Imagine paying extra for Uber Comfort and a Prius rocks up.. are you serious?


----------



## Seamus (Jun 21, 2018)

rukey said:


> Imagine paying extra for Uber Comfort and a Prius rocks up.. are you serious?


Refund!


----------



## SHalester (Aug 25, 2019)

yes, if your prius is precious it qualifies as select AND comfort. and if it is black, it qualifies for BLACK too. 

Think also qualifies as XL. Because it is precious. 🤷‍♂️


----------



## Gone_in_60_seconds (Jan 21, 2018)

crackedrider said:


> does it?


*NO. 

Check with your Greenlight hub. Your Camry is too old. Comfort requires larger and newer vehicle.

   *


----------



## Taxi2Uber (Jul 21, 2017)

rukey said:


> Imagine paying extra for Uber Comfort and a Prius rocks up.. are you serious?

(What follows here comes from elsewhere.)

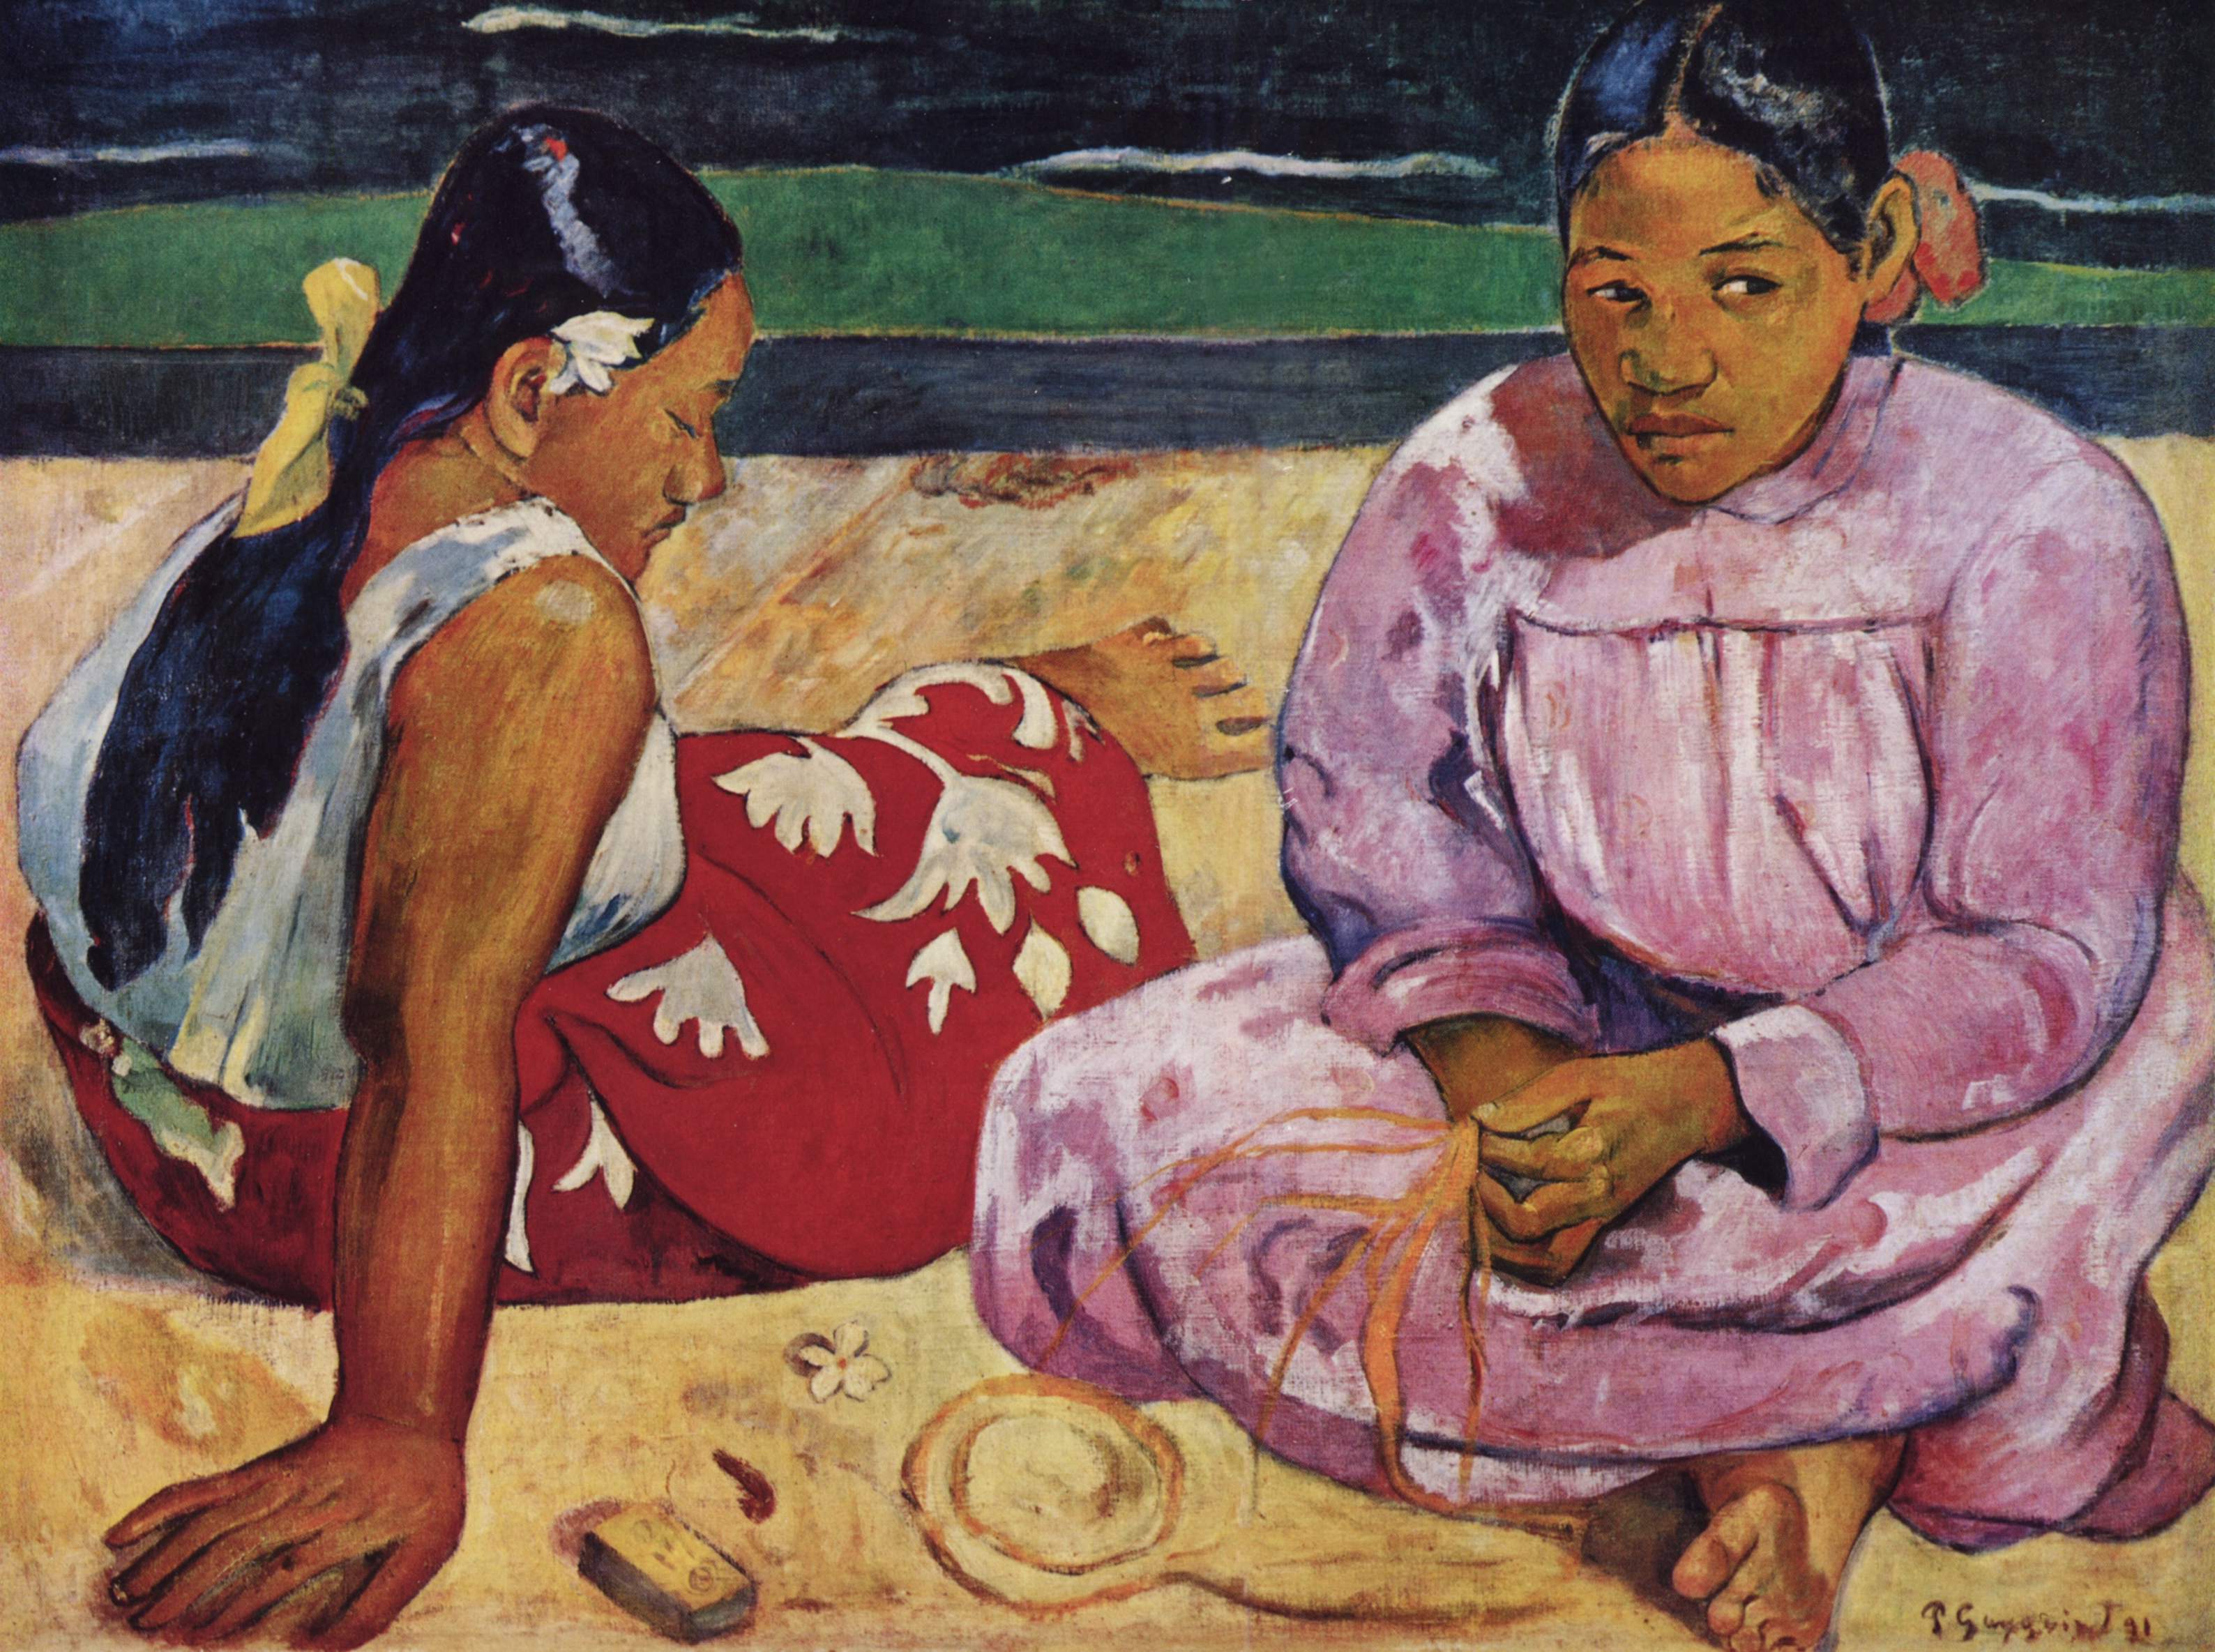 Femmes de Tahiti by Paul Gauguin - 1891 - 69 cm × 91 cm Musée d'Orsay

Imagine rockin' a $50,000+ car and picking up glorified X riders.


----------



## Amos69 (May 17, 2019)

Gone_in_60_seconds said:


> *NO.
> 
> Check with your Greenlight hub. Your Camry is too old. Comfort requires larger and newer vehicle.
> 
> *


^^^^^^^^^^^^^^^^^^^^^^^^^^^^^^^^^^^^^^^^^^^^^^^^^^^^^^^^^^^^^^^^^^^^^^^^^^^^^^^^^^^^^^^^^^^^^^^^^^^^^^^^^^^^^^^^^^^^^^^^^^^^^^^^^^^^^^^^^^^^^^^^^^^^^^^


WHAT HE SAID.


----------